■ **AIM OF THE EXERCISE**
What is needed is an exact copy of the whole listing below, with no pictures.

■ **DATA SHOWN**
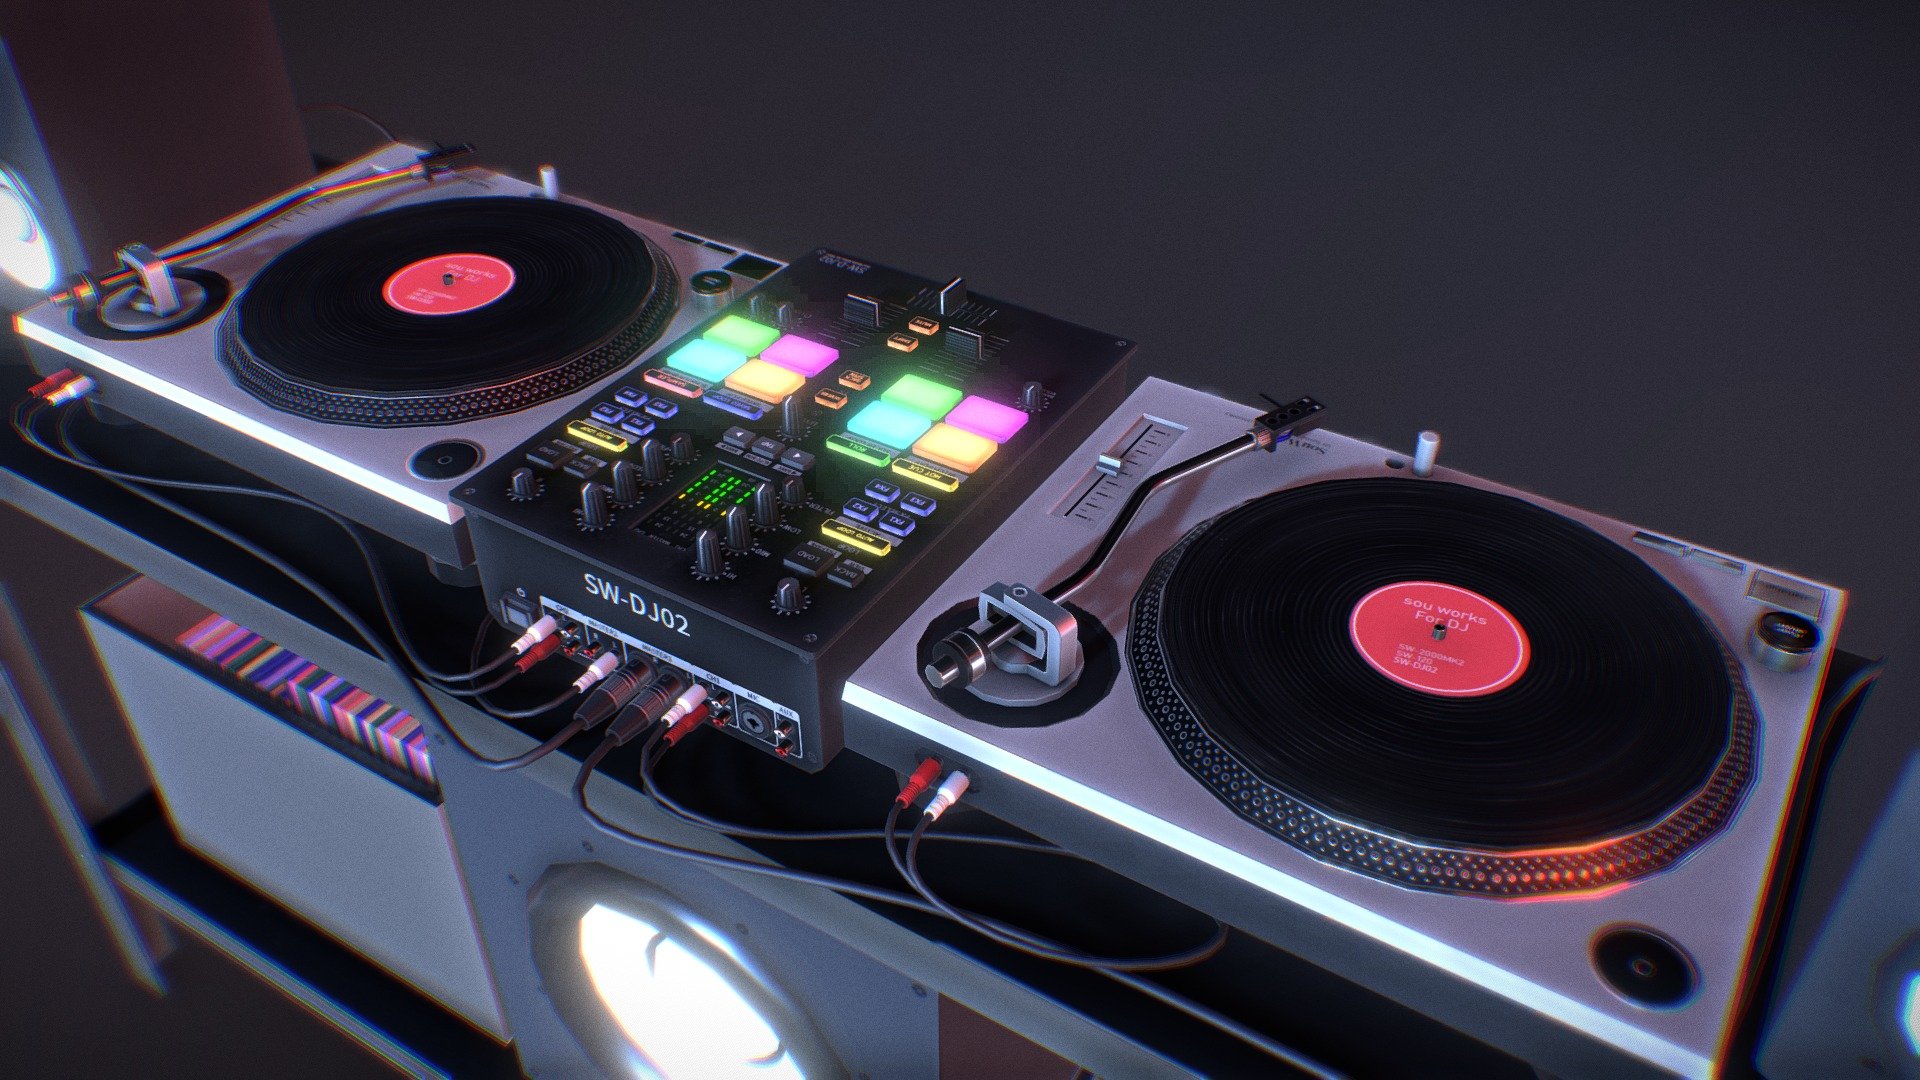 This DJ set was designed for use with VRChat.
So I tried to keep it to the minimum polygons necessary.
This is an improved version of the DJ booth I made before 3d model

■ **EXERCISE SOLUTION**
 This DJ set was designed for use with VRChat.
So I tried to keep it to the minimum polygons necessary.
This is an improved version of the DJ booth I made before 3d model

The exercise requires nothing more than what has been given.